I have now walked around this supposedly plague-stricken land of the US and I can see for myself that the narratives on the news are nothing but a pack of lies that have been fed to the public for two years in order to keep them terrified and compliant.

I’m glad that the American people and half of the states are fighting back now and see the lies for what they are.


Nearly 2 years have passed. Roughly 5 million globally have allegedly died of covid-19. Adjusted for population, that is roughly on the order of severity of the 1958 and 1968 influenza pandemics, where the global death toll was 1-4 million each. In most countries in 2020, excess deaths did not exceed 15%, even in the US.

The NZ numbers don’t seem to support that this is a plague either. 28 deaths, with slightly over 5,800 identified cases (and probably many more that were undetected). IFR of roughly 0.5% and that's with the known cases, which squares well with what’s seen around the rest of the world.

If you are over 70, your average survival rate for covid 19 is 97%. Those are damned good odds.

Almost all of these people who died in NZ were extremely vulnerable and in care homes, and it was in the first wave. In the first wave. We’ve figured out how to protect the vulnerable now.
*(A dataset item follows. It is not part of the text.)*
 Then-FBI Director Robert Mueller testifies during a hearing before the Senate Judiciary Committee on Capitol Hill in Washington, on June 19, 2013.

It’s not a garden-variety flu virus, but it’s also nothing over which to shut down the world or completely overhaul our societies, creating a global medical apartheid with products that don't even work properly. Turn off the news and dig into the data in the most highly vaccinated countries. Israel and the UK produce excellent data and release it on a daily or weekly basis, which happily gives them far less opportunity to manipulate it as the CDC of the Evil Empire does.

The way of life we’ve had for several hundred years (loosely speaking, liberal democracy) certainly isn’t anything close to perfect, but it’s a damned sight better than what’s on offer.

Tom Hunter said...

Peter, other comments I've made on other posts have published, but I've made repeated, failed effort to post on this one.
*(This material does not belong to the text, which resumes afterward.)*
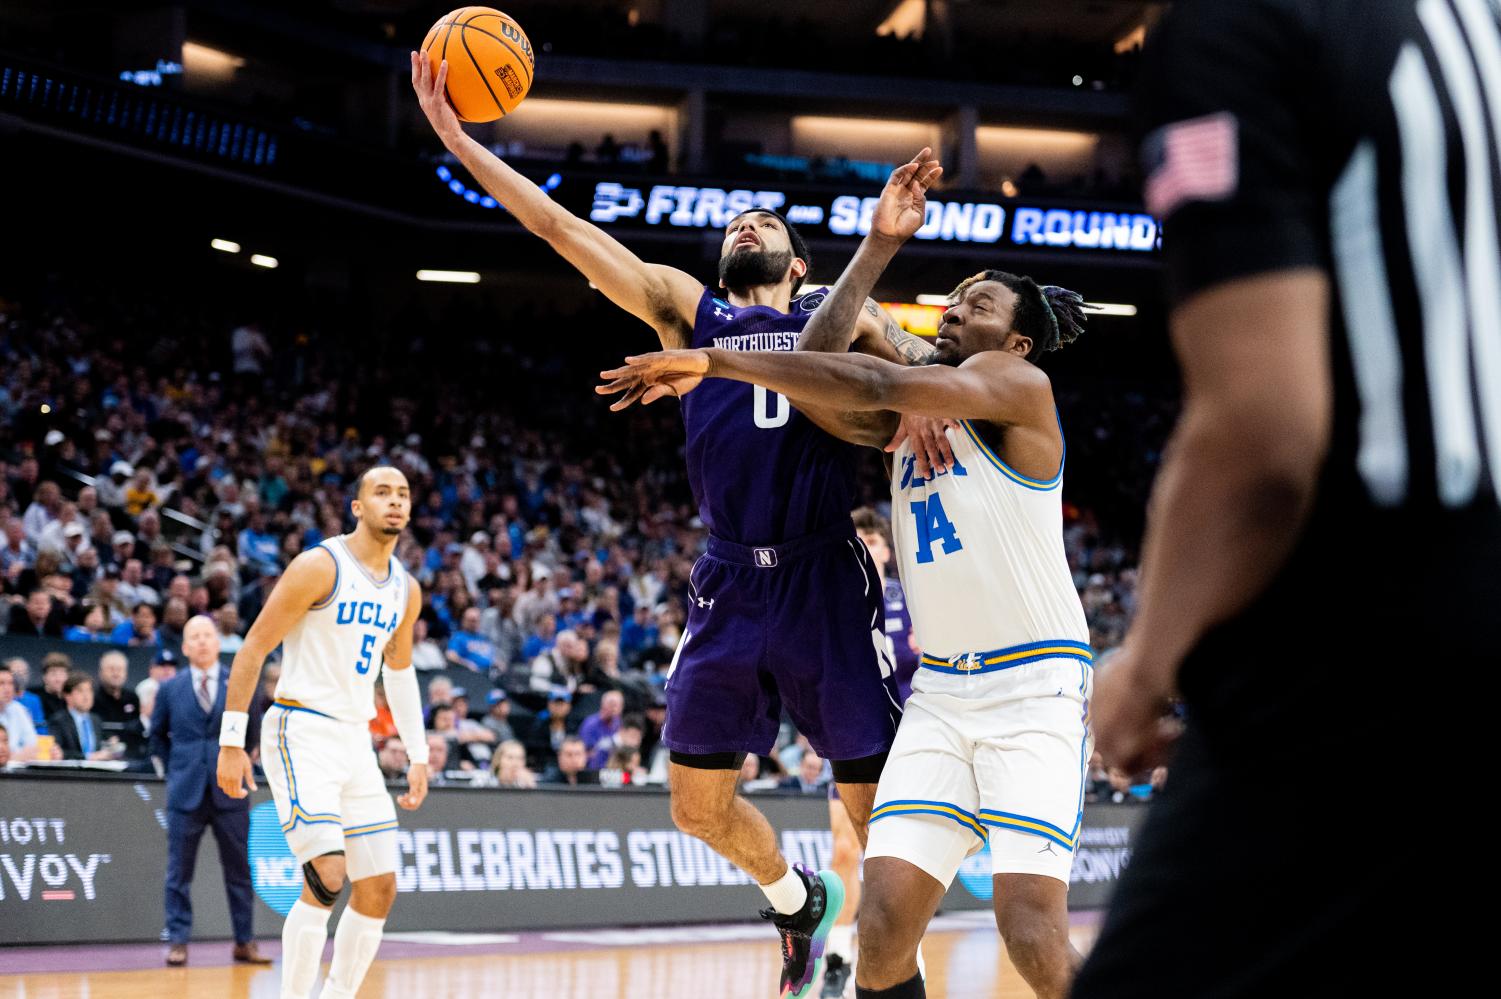 A player in purple jumps up to catch a basketball while pushing another player in white away.

Were they rejected or is this a glitch. I guess if I don't see this one appear I'll assume it's glitch, otherwise I assume you did not approve of my comment/s here.

Peter Cresswell said...

Sorry Tom, can't see anything in the spam folder, and I wouldn't expect your comments to be rejected, however mistaken they may be. Maybe a software glitch?

Tom Hunter said...

Test

Andrew B said...

Quarantine is very obviously a legitimate government function for those who are demonstrably sick and wilfully infecting others.

You have also mentioned negligently infecting others.
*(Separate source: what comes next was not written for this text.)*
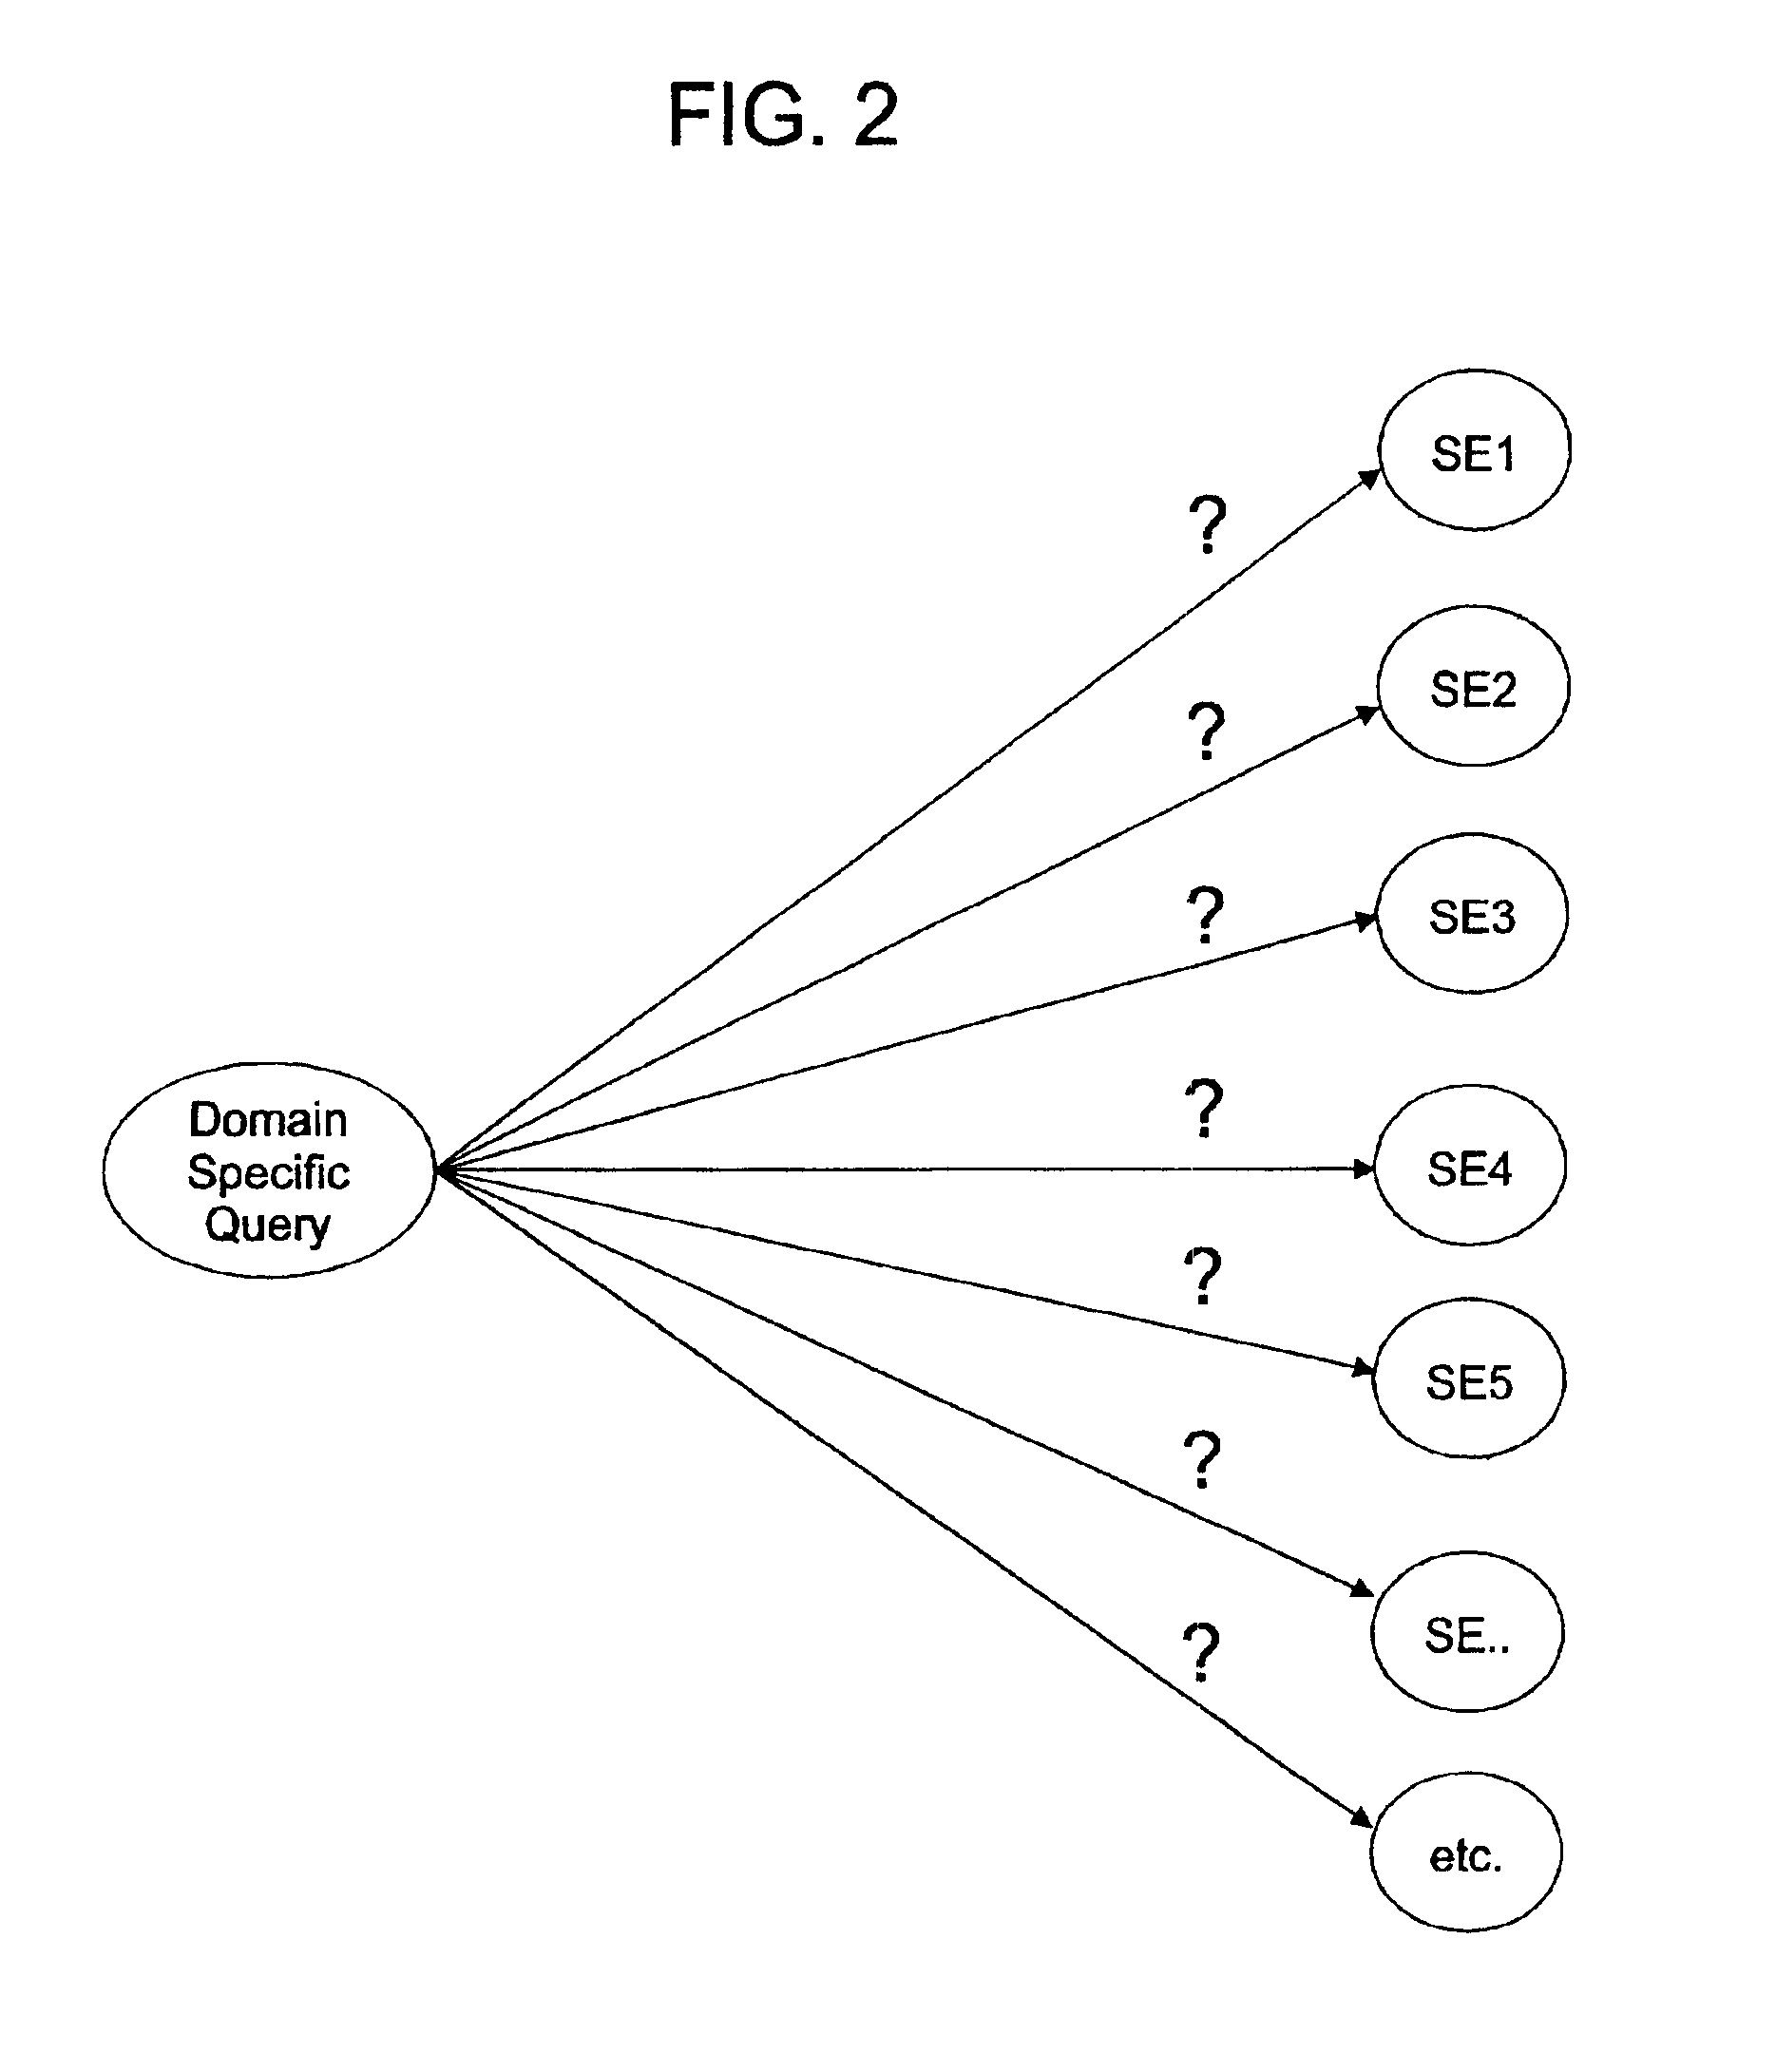 Query routing based on feature learning of data sources

Does this mean for those for whom there is no evidence of infection (possibly asymptomatic or possibly pre-symptomatic) but who have been overseas where a virus is more prevalent or possibly in contact with the sick locally can legitimately be quarantined?
Can a government demand they take a test, and treat them as suspicious (continue to quarantine) if they refuse?

Rick said...

Here's the problem with having a non-objective ethics that is pragmatic rather than principled. An ethics that is all about the rules but willing to break them for circumstantial exceptions is just waiting for a "But Hitler" or "But Covid" or "But Heffalumps" to come along and kick its arse.

'Treaty is a Fraud' becomes 'Honor this living document'. 'The Harm Principle' had basically won the culture war but innovators found a way to slip in 'I'm offended' as a form of harm. So now we're re-litigating the same fights all over again but under different terms because we surrendered our definitions.

If your moral system is not fit to withstand Hitler and other moral innovators then where is the blame? Surely it's the fault of A.A. Milne's or anyone else's failed attempt at morality that needs to go back to the drawing board. What vanity to say that a given system is sound but that it is *morality itself* that is defunct! And then insult on top of vanity to relegate morality to a pocket universe of safe space because, according to the peace-time libertarian, ethics is fragile and not working machinery fit for using in the field.